– Слушаюсь!
– Подготовь встречу Владимира Андреевича.
– Где прикажешь это сделать?
– Встань на последнем яме перед слободой.
– Понял. А дальше?
– Предъявишь ему обвинения и доставишь сюда вместе с семьей. К обеду. Это важно!
– А чего делать с поварами, рыбаками?
– Иди отсюда, Малюта. У тебя сегодня что-то с головой!
– Уразумел, государь. – Скуратов вышел из палаты.
Царь подошел к оконцу. На душе у него кошки скребли. Он не желал смерти ни своему двоюродному брату, ни даже тетке, княгине Ефросинье, посвятившей жизнь его свержению с престола. У царя не было злобы на них. Простил бы, да уже нельзя. Решалась судьба государства. За Русь он сам готов был голову сложить.
Иван направился в дворцовую церковь. Молитва поможет.
В июне Иван Васильевич назначил князя Петра Пронского наместником Новгорода, определив ему в ближайшие помощники дьяков Кузьму Румянцева и Андрея Безносова-Монастырева. В Псков царь направил князя Юрия Токмакова и дьяка Юрия Сидорова.
Успокоив ситуацию на западе и ожидая развития событий на юго-востоке, Иван Грозный вместе с царицей в августе направился в Вологду.

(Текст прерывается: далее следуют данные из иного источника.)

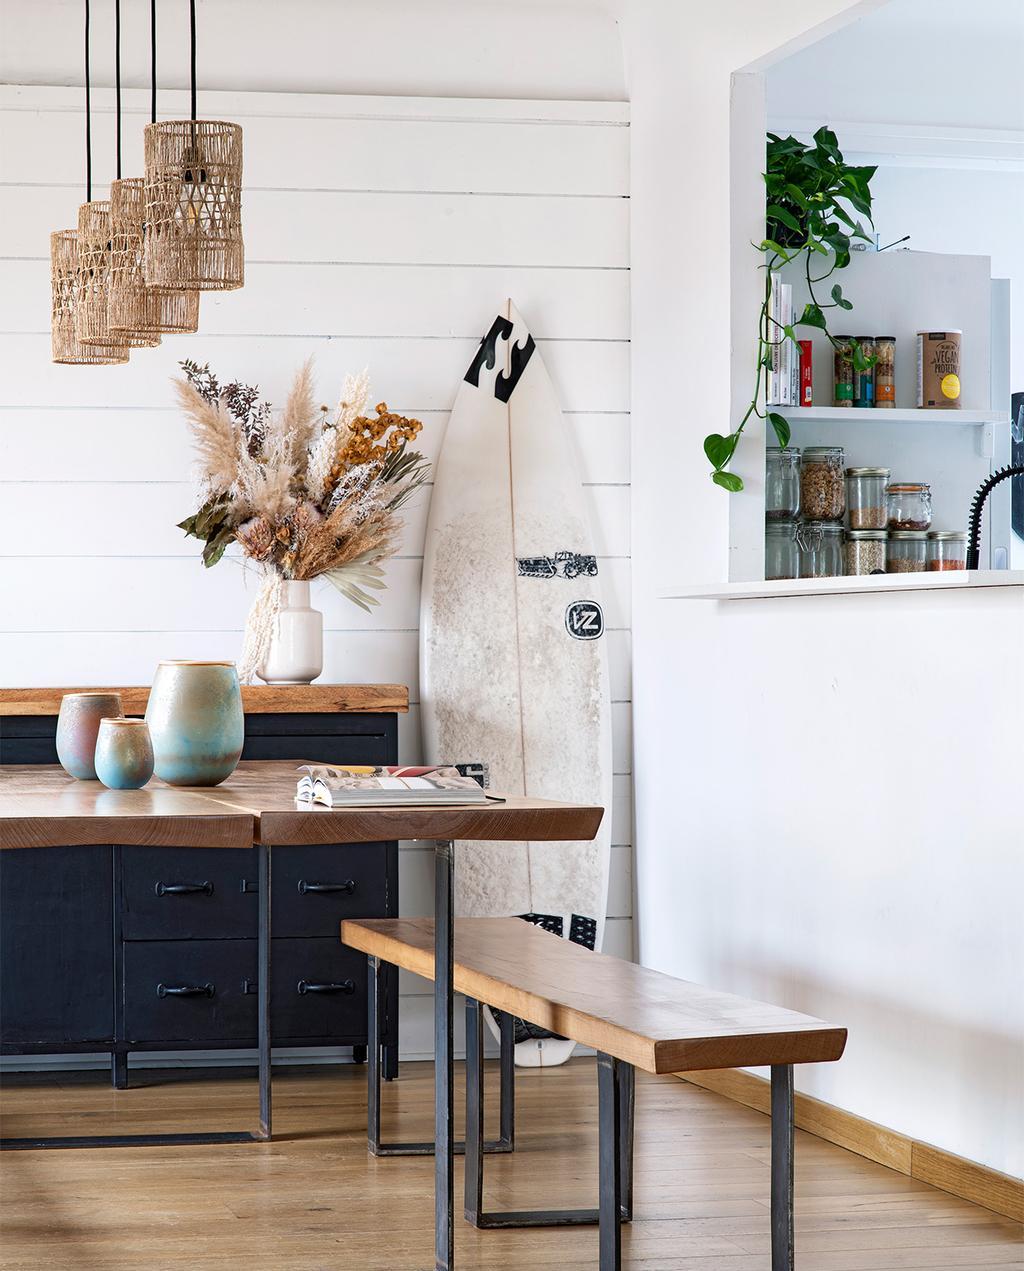 vtwonen binnenkijk special 07-2021   eettafel in huis met het surfplank

Лето выдалось дождливое и холодное. На дорогах, пролегавших вдоль рек, озер, болот, стоял плотный туман.
Во время путешествия Мария Темрюковна тяжело заболела. В Вологде она слегла. Царь часто находился при супруге. Лекарь Арнольд Линдей поставил диагноз – воспаление легких.
Состояние царицы ухудшалось изо дня в день, и Линдей ничего не мог сделать. Марию одолевал страшный жар, она часто теряла сознание. У ее постели царя менял Салтанкул, он же Михаил Черкасский, брат Марии.
В последнюю ночь царица пришла в себя и попросила позвать мужа.
Иван Грозный увидел в глазах молодой черкешенки невероятную боль.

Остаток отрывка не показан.